───── Available data
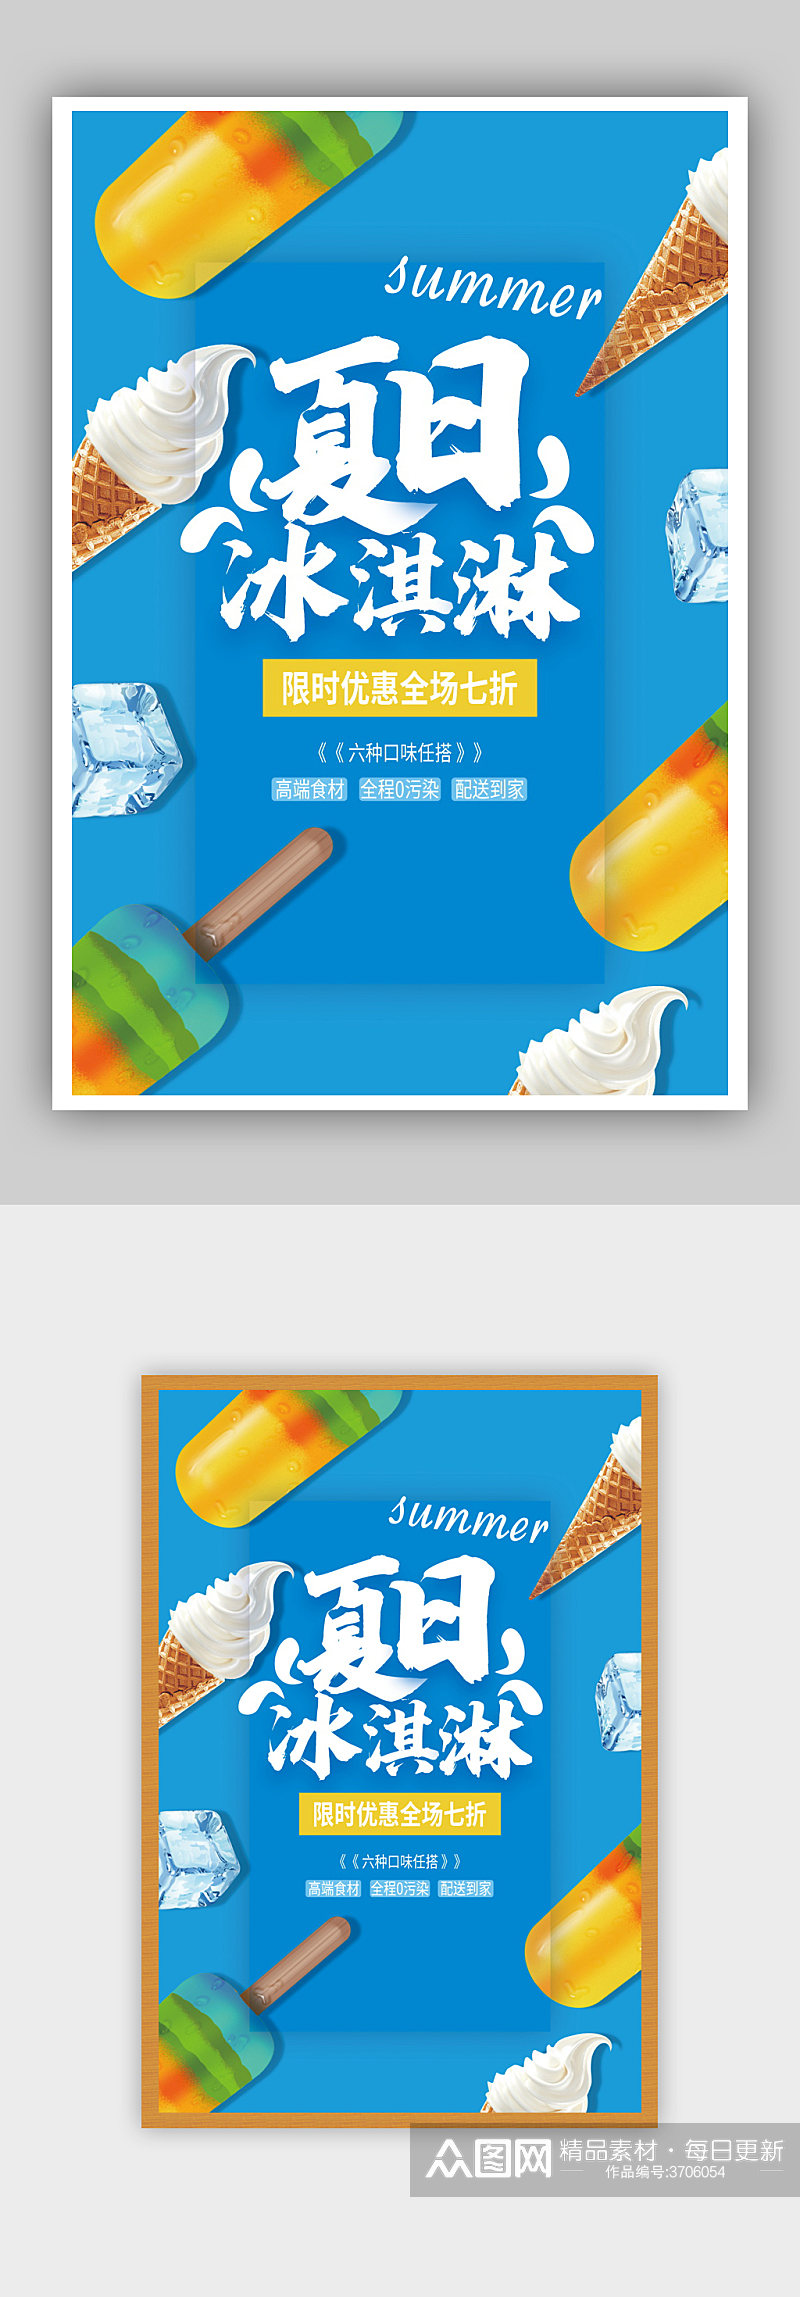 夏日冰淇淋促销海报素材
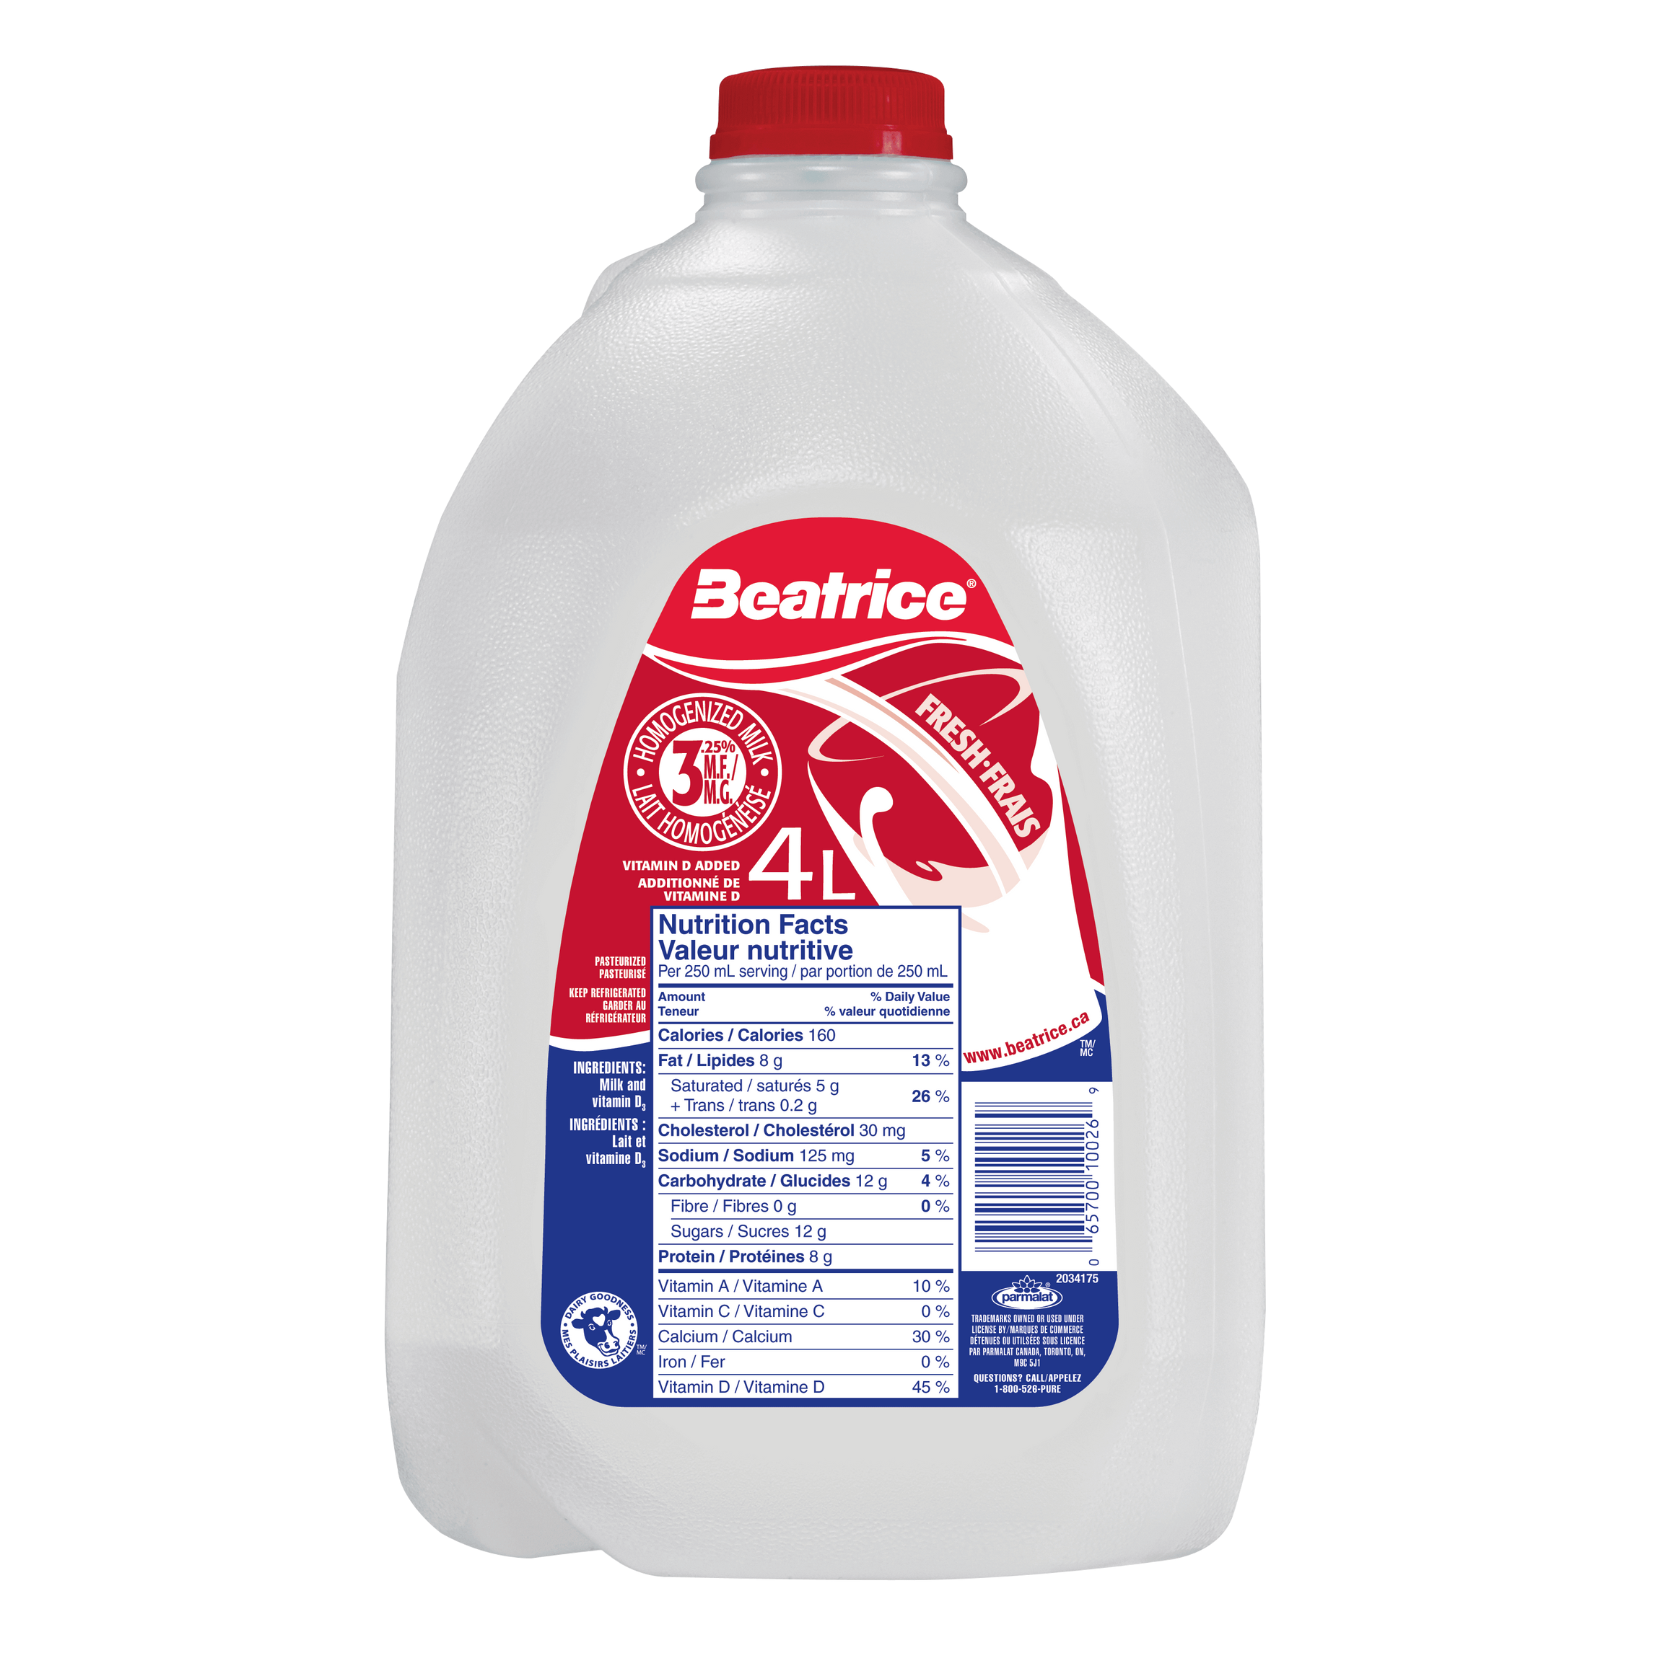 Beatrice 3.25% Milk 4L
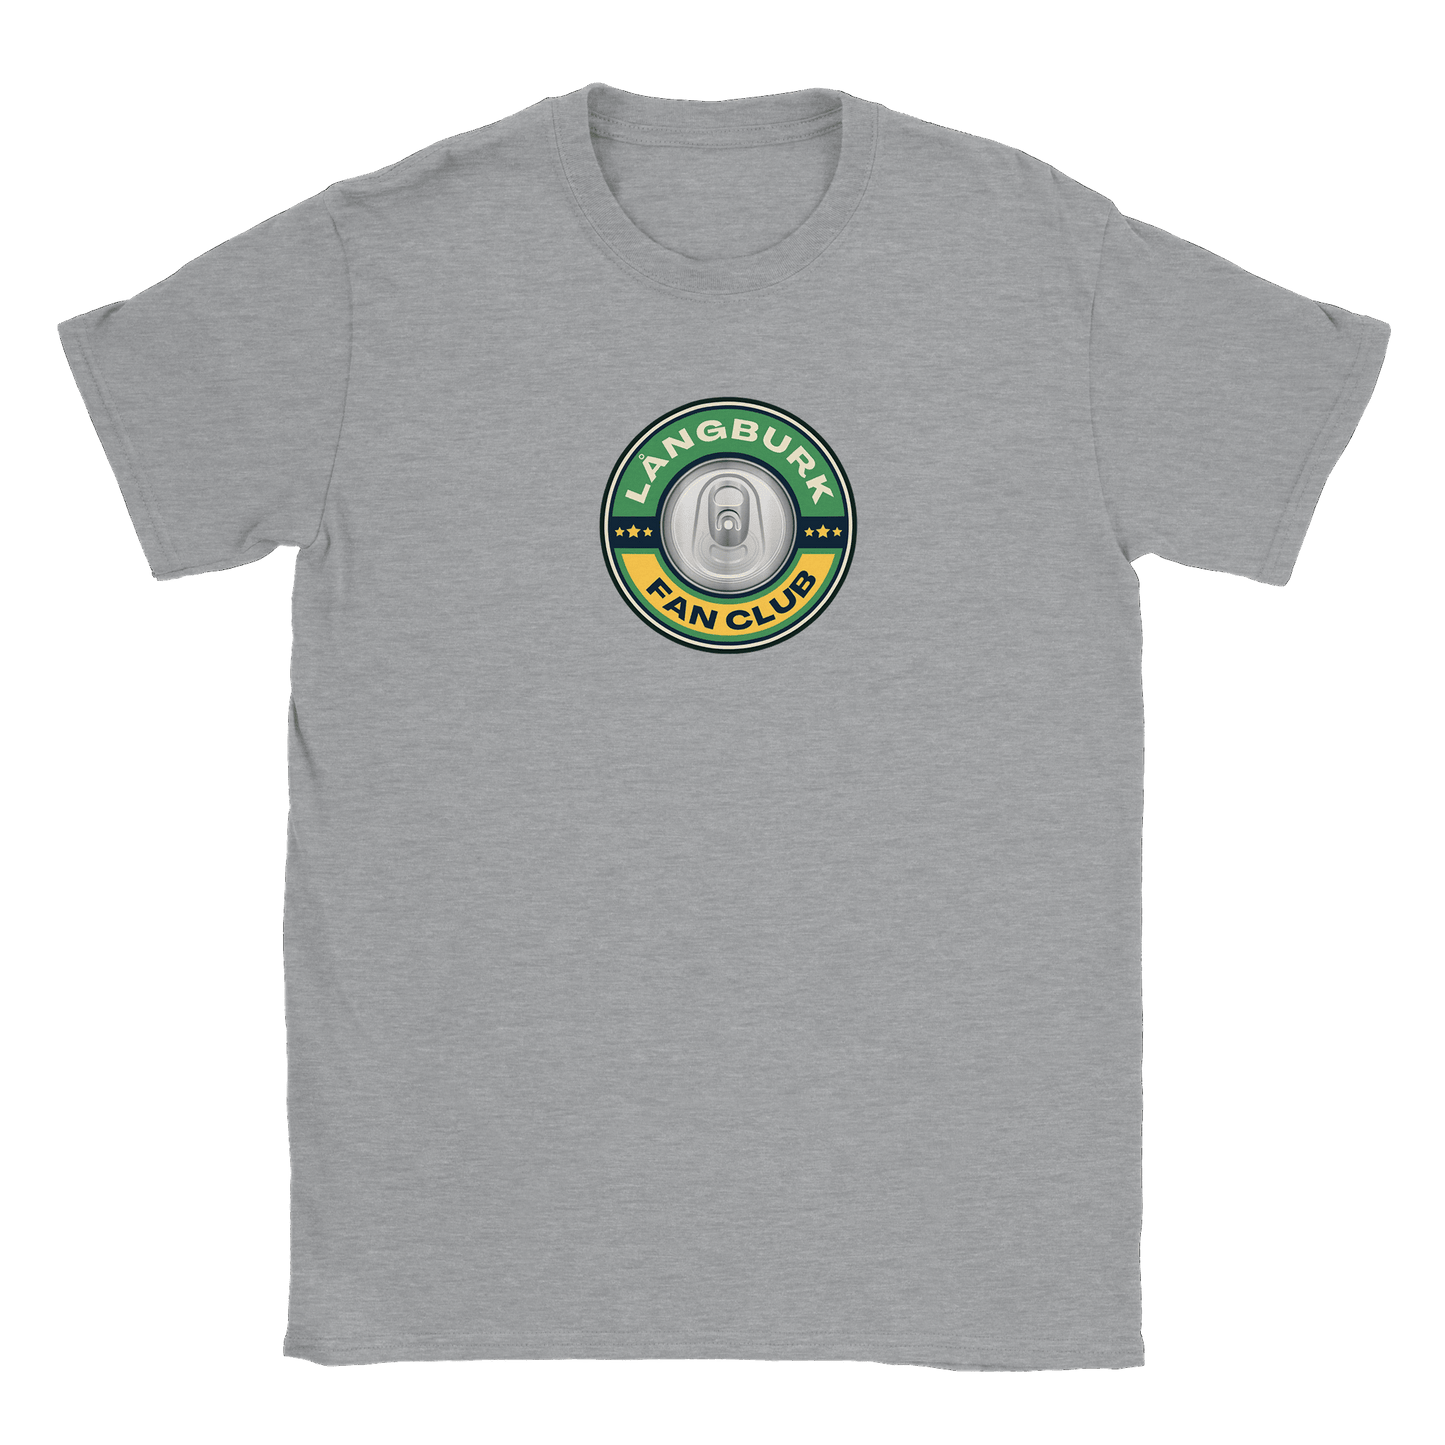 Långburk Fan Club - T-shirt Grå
──────────
# Work instructions:
With pictures left out, transcribe each line from the one containing "Beatrice 3.25% Milk 4L" through the end of the data, both ends included.

# Written solution:
 Beatrice 3.25% Milk 4L
 Långburk Fan Club - T-shirt Grå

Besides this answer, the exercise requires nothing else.